18-845 Group Research Project
Important dates
- Thu 2/28: GP Proposal deadline
- Tue 4/9 and Thu 4/11: Oral GP status reports
- Thu 5/2: Poster Presentations (Newell Simon Hall 3305, 12:30pm - 2:00pm)
- Sun 5/5 (11:59pm): GP written reports due
Summary of Group Projects
You are free to propose any idea you want for your group project. To
help you start thinking, here are the group projects from last year:
- Blake Scholl,
Distributed Computation of Performance-Aware Webmaps with HTTP Proxies
- Punitha Manavalan and Michael Wagner,
Robot Telemetry Manager
- Li-Chiou Chen & Xia Chen,
Evaluating Methods of Defending Distributed Denial of Service
Attacks
- Pratish Halady, Rahul Mangharam and Vishal Soni,
Location Based Wireless Network Services
- Nitin Gupta and Sandhya Gupta,
QoS in Web-Servers
- Aravind Pavuluri and Saumitra Das,
An Active Architecture for User-Profile Based Dynamic Web Caching
- Vijay Pandurangan and Mehmet Bakkaloglu,
PASISizing the Web
- Arif Ulaugac and Nawaportn Wisitpongphan,
Micro-Evaluation of the Flash Server
- David Oleszkiewicz and Ed Neto,
Distributed Anonymous Information Retrieval
- Joshua T. Anhalt,
Live Freenet or Die
- Laura Bowser,
Internet-based Damage-Assessment System
- Albert Song,
Advantages and Uses of One-Way Packet Loss Information
Sample topics
There are two basic approaches you can use for your group research
projects.
- Develop a new idea or a new twist on an existing idea, and then do
enough evaluation to serve as a proof of concept.
- Do an extensive evaluation of an existing idea that gives you
some insight into the advantages or disadvantages of that idea.
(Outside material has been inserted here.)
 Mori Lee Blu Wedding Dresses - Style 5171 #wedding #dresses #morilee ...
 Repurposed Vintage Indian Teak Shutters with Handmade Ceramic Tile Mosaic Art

Here are some other ideas for topics (in no particular order):
- Internet host counting.
Perform your own Internet Domain Survey and compare it to
the published survey at www.isc.org.
- Congestion-aware routing. Develop a scheme that would
allow us to use BGP to change the routing tables in routers to improve
communication performance between different AS's (ISP's). (Blake
Scholl)
- Peer-to-peer systems.
There are a number of interesting unresolved issues for
peer-to-peer systems such as
Freenet. What are the performance bottlenecks? How anonymous are
Freenet objects really? How can Freenet peers be attacked and
defended? How to delete and update documents? How to invalidate
cached copies of updated documents? How to resolve the fundamental
tension between privacy and accountability? How to name objects? How
to search for objects in systems that are designed to make it
impossible to identify the origin server for any particular document?
Are there better approaches for caching and replicating objects
through the network.
- Peer-to-peer distributed keyword search. Develop a
peer-to-peer distributed search engine. Issues: Tradeoffs between
security and convenience, scaling outside the local area, searching on
metadata as well as contents.
- Peer-to-peer content publishing systems.
There are a number of interesting unresolved issues for
anonymous content publishing peer-to-peer systems such as
Freenet. What are the performance bottlenecks? How anonymous are
Freenet objects really? How can Freenet peers be attacked and
defended? How to delete and update documents? How to invalidate
cached copies of updated documents? How to resolve the fundamental
tension between privacy and accountability? How to name objects? How
to search for objects in systems that are designed to make it
impossible to identify the origin server for any particular document?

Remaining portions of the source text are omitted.